Reputation: 15
I am trying to subset a data.table based on a function that I wrote.
I have found out that R only calls my function once (instead of once per row). However, I am having trouple debugging this as I can only address Date in the context of the data.table.
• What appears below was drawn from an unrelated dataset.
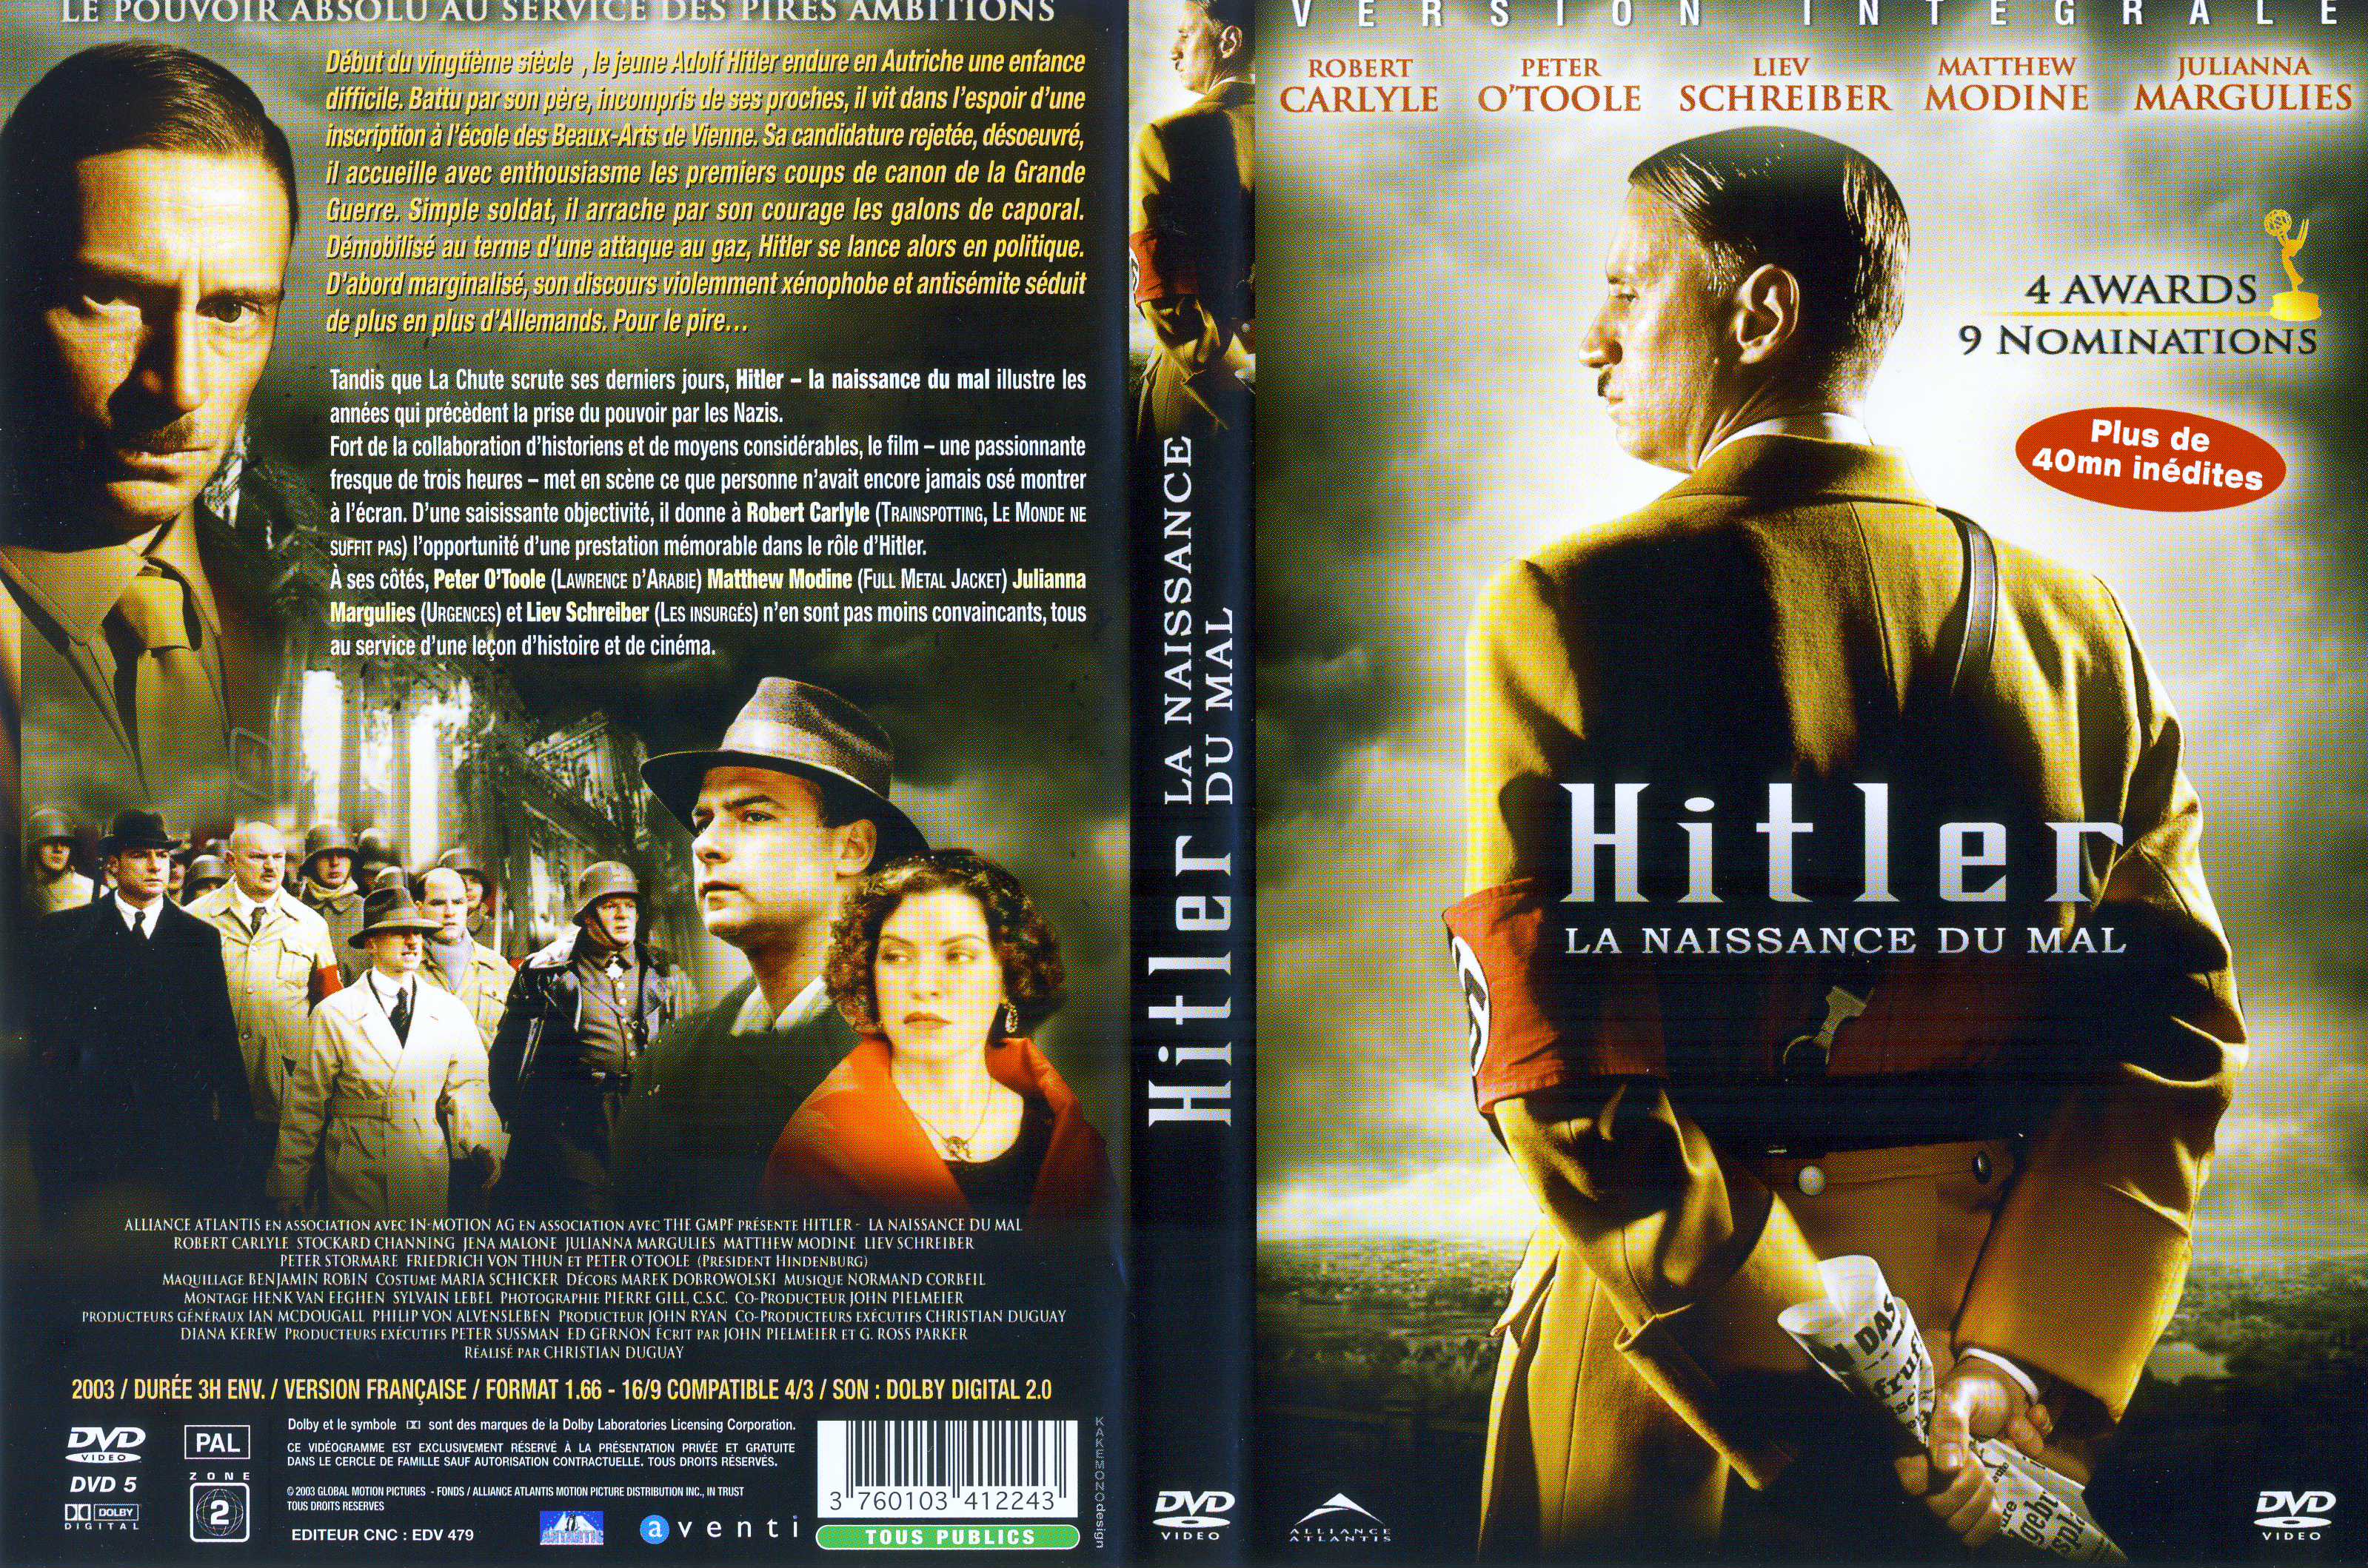 Jaquette DVD Hitler la naissance du mal v2

For runtime purposes, I cannot use a for-loop to check each row individually. If this problem could be solved without a self-defined function, I would be happy, too.
library("data.table")
library("zoo")
dt <- data.table(Date = as.Date(1:10),
Sales = c(rep(0, 5), rep(1, 5)))
anySalesLastWeek <- function(date) {
return(!empty(dt[as.integer(Date - as.Date(date)) %in% -7:-1 & Sales > 0, ]))
}
dt[anySalesLastWeek(Date), ]
I expected R to call the function anySalesLastWeek() once per row with the column value of Date in that row. Instead, the function seems to be called only once with dt$Date as the input.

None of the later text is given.